How nation celebrates the inauguration

By Jeff Gammage

Philadelphia Inquirer

Published: Wednesday, Jan. 21 2009 12:40 a.m. MST

Barack Obama's hand rests on the Lincoln Bible held by wife Michelle as he is sworn in as president Tuesday.

Timothy A. Clary, AFP/Getty Images

WASHINGTON — The Philadelphia woman stood with her back to a steel security grate, her shoulders draped with one blanket and her head covered by another, trying to block the damp winter wind that ripped across the National Mall.

Natania Macy had arrived at 1 a.m., waiting five hours outside at a checkpoint before being allowed onto the grounds. Now she stood half a mile from the Capitol, so far away that the man she yearned to see would be all but invisible, her constant companion the below-freezing cold that bit at cheeks and noses.

She didn't mind.

"It's a beautiful day, a beautiful day," said Macy, 32, who was born in Jamaica and now lives in the Northeast. "I wasn't going to miss it for anything in the world. I wanted to be part of history, and I'm here."

At 12:05 p.m. Tuesday, she joined hundreds of thousands of others — children and grandparents, wealthy and worse-off, black and white and every color in between — in emitting a thunderous, rumbling roar as Barack Obama was inaugurated as the nation's 44th president.

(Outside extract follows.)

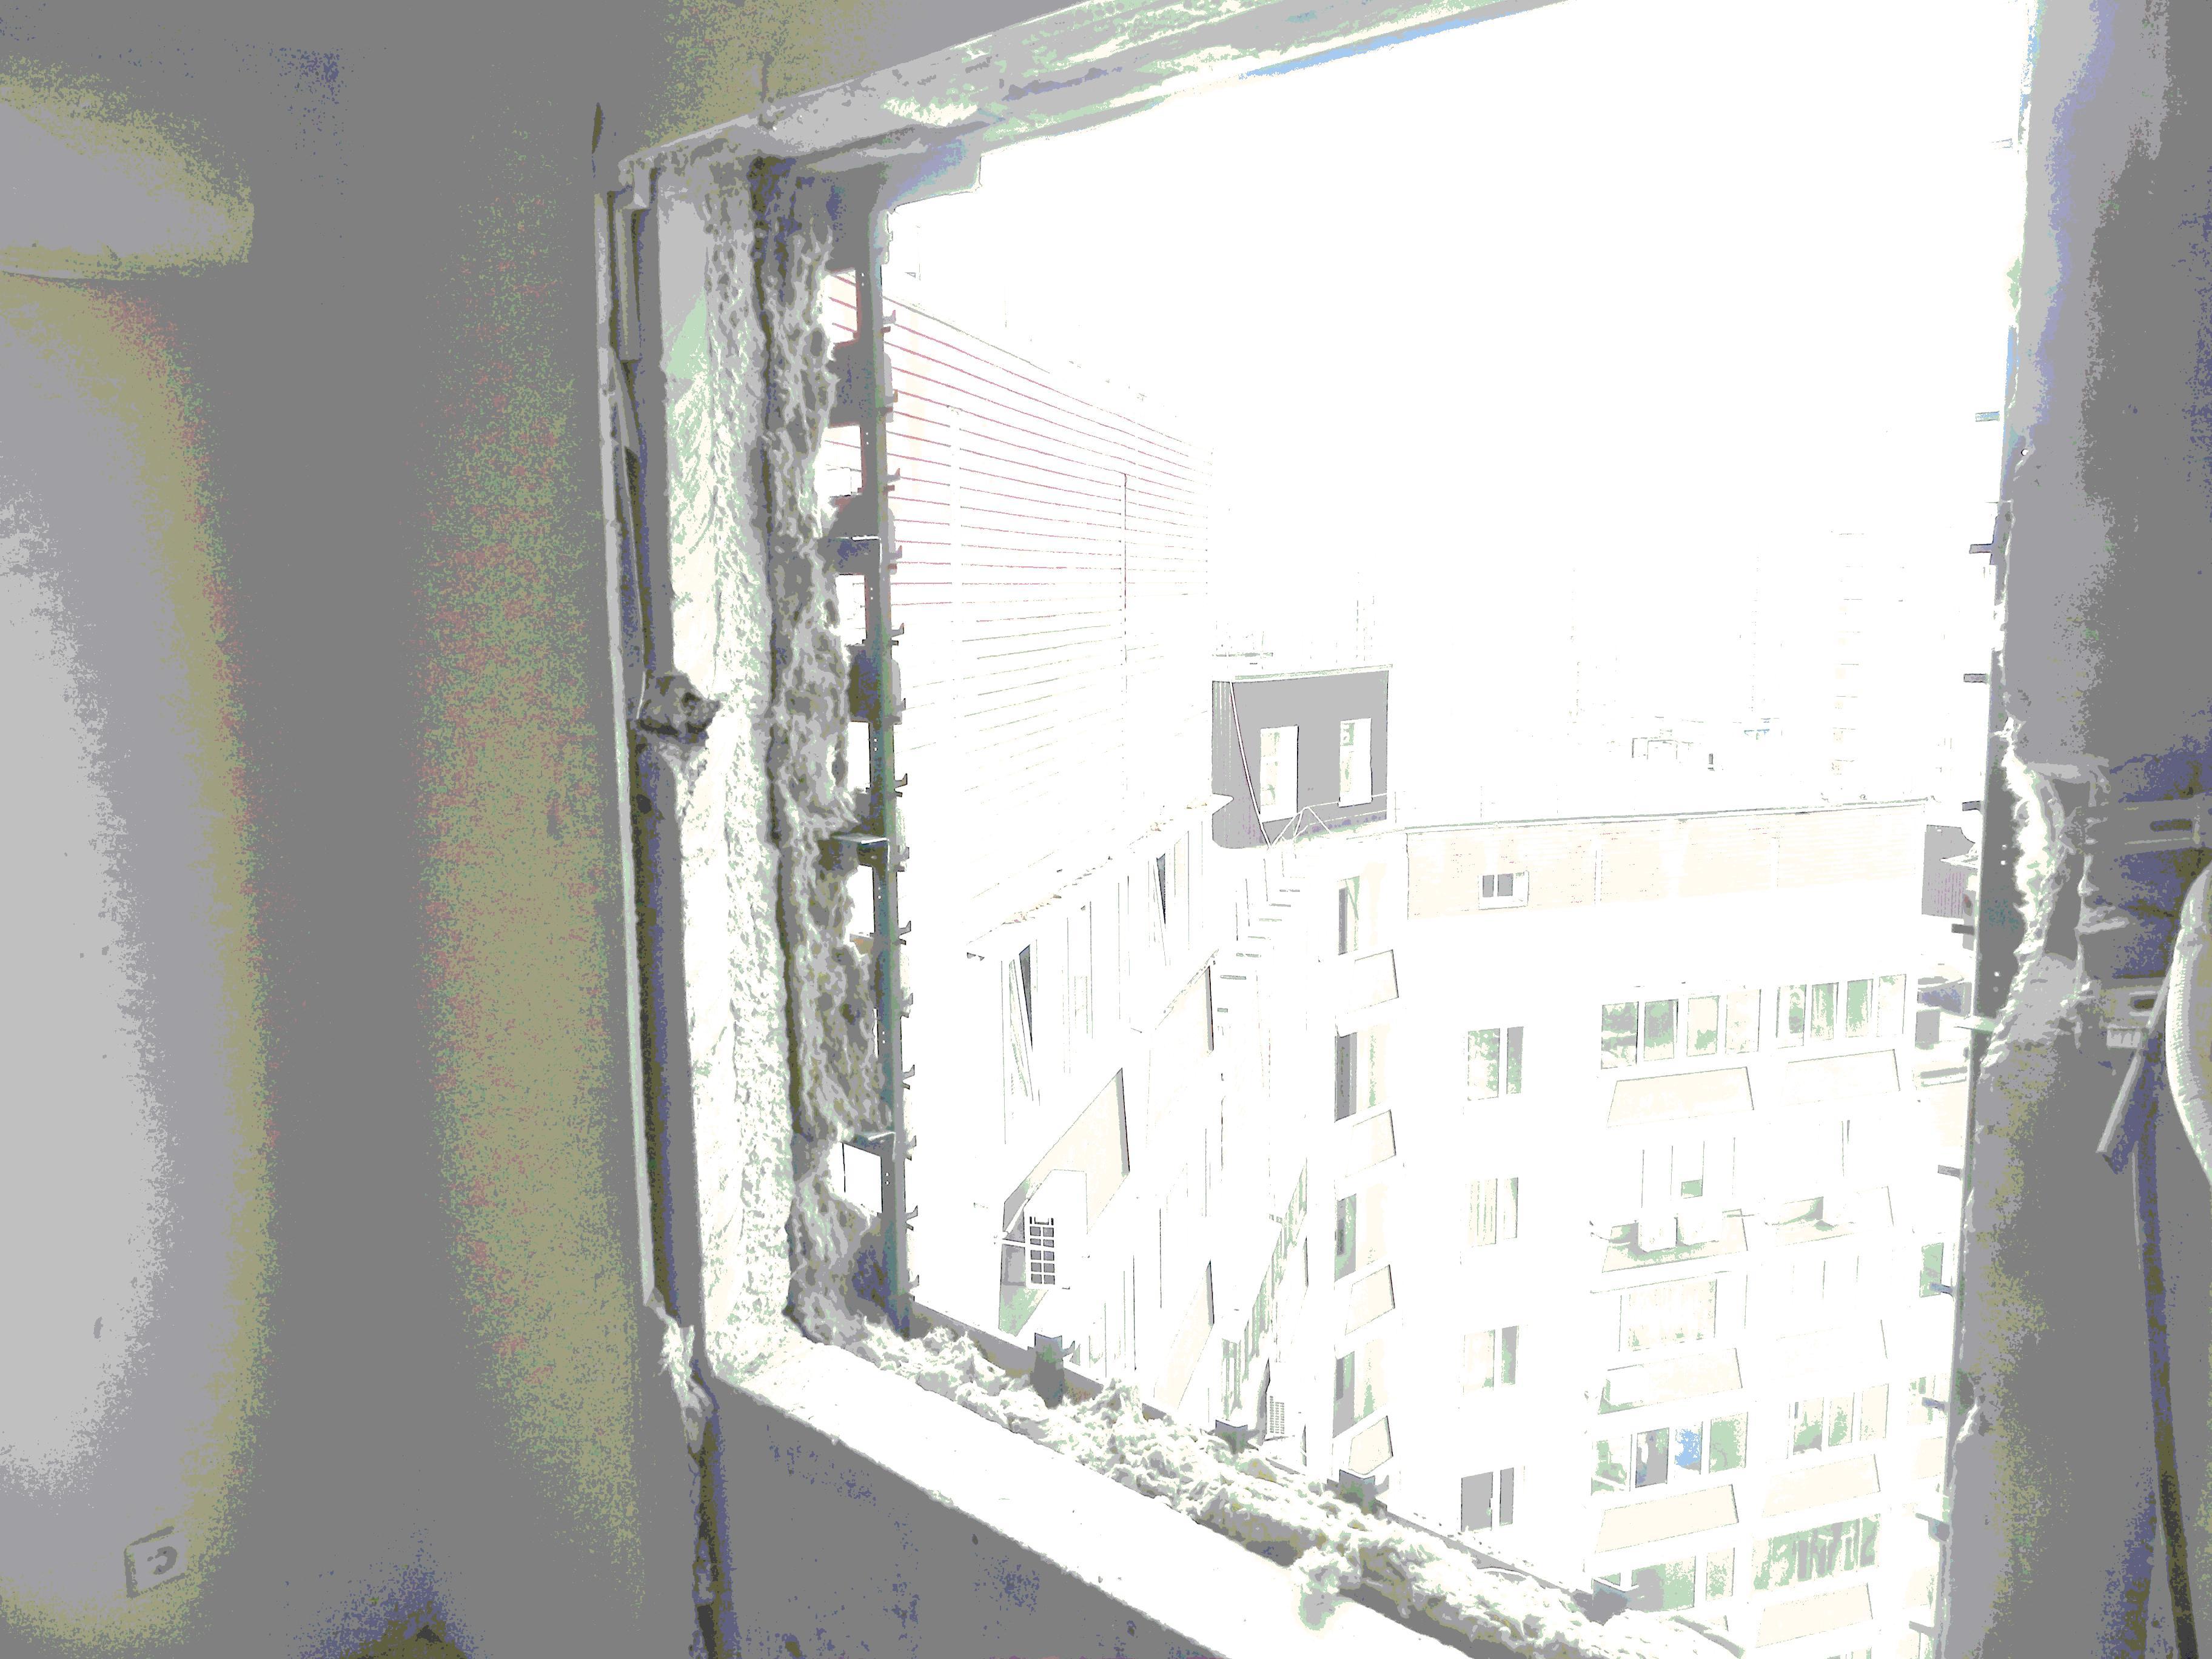 резка монолита, Резка бетона, резка железобетона, демонтаж бетона, бурение отверстий в стенах

"It's a blessing to be here to see this," said Samie Coleman, 63, moments after Obama took the oath of office. She had traveled from Akron, Ohio, to see something no one in America had ever seen — the inauguration of an African-American president.

On a day when the sun fought from behind clouds, people found themselves drawn to the frozen patch of earth between the Capitol and the Lincoln Memorial, believing that at this hour, at this moment, they had to be there in person. The air was filled with tiny American flags, held aloft by multitudes.

Teri Quinn Gray got here by plane, bus, subway and foot. She came from Jackson, Miss., but she didn't come alone. With her traveled the hopes of relatives in the South and the ghosts of ancestors unknown.

"I represent an 88-year-old grandmother, a 63-year-old mother — who thought this day would never come — and a 13-year-old son," she said. "I'm here representing generations."

Philadelphia native David Alston stood near the Washington Monument, watching the proceedings on one of the giant TV screens. In 1963, when he was a boy, his mother had asked him to come along to a civil rights march in Washington.

"I said no," recalled Alston, who lives in Fort Washington, Md. "So now I'm finishing her march."